Work request - Read through the records. Copy each line that has the word "Villa".

Input data -
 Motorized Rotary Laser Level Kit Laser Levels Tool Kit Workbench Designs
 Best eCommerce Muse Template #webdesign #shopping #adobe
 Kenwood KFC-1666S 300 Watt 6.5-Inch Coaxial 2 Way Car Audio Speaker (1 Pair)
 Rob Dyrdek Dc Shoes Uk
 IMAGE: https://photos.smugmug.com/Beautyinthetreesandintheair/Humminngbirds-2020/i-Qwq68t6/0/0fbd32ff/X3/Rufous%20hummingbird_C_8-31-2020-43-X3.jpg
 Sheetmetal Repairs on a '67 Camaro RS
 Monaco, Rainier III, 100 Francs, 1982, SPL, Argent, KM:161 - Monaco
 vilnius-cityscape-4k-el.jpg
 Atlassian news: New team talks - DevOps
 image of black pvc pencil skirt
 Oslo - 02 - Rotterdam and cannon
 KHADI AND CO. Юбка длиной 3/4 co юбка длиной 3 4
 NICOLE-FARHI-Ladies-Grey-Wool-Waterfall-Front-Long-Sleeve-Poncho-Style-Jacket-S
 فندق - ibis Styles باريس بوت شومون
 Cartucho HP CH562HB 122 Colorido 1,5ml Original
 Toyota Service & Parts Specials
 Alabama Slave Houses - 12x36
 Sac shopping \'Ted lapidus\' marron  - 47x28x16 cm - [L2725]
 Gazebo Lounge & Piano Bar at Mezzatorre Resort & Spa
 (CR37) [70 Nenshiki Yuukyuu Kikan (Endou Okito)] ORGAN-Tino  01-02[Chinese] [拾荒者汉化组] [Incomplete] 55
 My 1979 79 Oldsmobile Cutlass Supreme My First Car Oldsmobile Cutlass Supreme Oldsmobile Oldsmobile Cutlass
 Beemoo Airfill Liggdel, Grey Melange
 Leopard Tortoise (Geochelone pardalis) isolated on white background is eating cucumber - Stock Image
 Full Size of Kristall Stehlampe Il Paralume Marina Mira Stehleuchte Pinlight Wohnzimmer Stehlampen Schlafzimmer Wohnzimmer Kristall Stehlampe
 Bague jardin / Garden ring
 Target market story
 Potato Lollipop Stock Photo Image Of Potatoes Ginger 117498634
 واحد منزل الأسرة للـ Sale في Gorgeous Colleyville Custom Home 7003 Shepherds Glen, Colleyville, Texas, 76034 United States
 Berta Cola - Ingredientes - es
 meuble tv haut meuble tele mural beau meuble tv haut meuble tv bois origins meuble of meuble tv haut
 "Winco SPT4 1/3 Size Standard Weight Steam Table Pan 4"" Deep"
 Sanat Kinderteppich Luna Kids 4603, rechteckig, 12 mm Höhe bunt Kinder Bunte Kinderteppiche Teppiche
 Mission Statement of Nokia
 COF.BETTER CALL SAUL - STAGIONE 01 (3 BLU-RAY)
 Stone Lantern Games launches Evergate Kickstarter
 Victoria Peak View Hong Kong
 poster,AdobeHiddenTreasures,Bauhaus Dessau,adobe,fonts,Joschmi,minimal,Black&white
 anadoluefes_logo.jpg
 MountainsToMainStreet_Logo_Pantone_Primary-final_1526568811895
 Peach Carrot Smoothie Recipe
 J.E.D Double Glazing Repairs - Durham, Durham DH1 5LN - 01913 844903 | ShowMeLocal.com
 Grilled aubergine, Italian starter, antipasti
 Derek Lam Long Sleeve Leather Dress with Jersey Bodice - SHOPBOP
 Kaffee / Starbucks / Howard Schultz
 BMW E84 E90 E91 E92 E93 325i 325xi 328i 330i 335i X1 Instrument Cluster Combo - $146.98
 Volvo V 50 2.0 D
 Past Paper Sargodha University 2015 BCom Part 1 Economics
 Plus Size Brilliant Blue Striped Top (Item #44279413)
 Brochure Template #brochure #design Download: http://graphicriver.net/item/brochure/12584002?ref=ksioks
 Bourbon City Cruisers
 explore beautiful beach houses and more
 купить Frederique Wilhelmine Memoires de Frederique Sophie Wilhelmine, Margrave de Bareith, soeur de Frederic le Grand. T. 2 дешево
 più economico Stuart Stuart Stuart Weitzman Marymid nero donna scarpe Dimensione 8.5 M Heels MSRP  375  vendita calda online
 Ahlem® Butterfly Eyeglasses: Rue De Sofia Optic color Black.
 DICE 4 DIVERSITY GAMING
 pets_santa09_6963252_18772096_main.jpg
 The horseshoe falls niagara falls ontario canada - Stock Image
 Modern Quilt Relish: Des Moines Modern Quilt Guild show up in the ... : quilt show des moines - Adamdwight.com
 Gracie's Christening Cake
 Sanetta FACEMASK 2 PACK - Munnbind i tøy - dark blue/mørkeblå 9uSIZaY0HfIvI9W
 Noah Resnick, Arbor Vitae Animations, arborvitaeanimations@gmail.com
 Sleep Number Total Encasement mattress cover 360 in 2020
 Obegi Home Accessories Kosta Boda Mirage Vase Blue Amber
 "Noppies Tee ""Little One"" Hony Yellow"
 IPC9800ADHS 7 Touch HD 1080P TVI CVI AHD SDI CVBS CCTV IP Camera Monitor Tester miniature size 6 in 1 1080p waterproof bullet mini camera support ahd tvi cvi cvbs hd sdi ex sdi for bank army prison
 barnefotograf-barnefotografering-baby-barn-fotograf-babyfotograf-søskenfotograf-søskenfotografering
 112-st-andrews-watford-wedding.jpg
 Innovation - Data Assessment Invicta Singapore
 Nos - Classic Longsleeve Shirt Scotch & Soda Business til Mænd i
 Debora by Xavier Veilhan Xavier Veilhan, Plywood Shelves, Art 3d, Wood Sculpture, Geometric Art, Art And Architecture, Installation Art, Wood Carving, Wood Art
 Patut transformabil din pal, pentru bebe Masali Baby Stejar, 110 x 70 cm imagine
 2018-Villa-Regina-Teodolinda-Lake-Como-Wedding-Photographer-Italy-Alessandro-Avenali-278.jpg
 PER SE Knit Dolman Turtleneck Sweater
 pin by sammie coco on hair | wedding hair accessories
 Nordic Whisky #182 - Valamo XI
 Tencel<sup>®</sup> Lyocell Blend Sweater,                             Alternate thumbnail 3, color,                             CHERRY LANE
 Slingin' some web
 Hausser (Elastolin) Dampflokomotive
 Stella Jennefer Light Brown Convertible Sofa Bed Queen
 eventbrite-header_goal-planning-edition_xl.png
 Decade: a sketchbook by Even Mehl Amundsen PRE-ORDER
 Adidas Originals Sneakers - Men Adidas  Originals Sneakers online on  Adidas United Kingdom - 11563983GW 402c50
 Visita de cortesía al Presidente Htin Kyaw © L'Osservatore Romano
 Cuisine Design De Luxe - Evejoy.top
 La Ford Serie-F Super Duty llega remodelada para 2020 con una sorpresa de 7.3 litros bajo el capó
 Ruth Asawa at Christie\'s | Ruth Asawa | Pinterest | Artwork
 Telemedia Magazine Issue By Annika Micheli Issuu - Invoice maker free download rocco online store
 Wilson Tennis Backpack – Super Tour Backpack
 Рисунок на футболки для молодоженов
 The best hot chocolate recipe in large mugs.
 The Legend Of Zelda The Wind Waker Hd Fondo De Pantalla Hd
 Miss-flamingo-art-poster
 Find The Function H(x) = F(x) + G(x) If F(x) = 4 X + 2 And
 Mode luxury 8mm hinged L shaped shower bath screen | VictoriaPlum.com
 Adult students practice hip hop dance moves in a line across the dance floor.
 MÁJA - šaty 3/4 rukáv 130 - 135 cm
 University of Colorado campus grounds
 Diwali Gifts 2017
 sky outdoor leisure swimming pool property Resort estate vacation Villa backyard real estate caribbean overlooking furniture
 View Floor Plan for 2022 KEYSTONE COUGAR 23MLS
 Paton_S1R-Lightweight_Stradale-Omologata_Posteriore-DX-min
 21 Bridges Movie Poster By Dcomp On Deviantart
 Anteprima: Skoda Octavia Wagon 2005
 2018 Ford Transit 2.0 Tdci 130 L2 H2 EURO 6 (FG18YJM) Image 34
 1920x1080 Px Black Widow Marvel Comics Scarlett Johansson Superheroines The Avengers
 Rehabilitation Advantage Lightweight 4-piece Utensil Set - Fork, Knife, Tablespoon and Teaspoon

Your solution -
 2018-Villa-Regina-Teodolinda-Lake-Como-Wedding-Photographer-Italy-Alessandro-Avenali-278.jpg
 sky outdoor leisure swimming pool property Resort estate vacation Villa backyard real estate caribbean overlooking furniture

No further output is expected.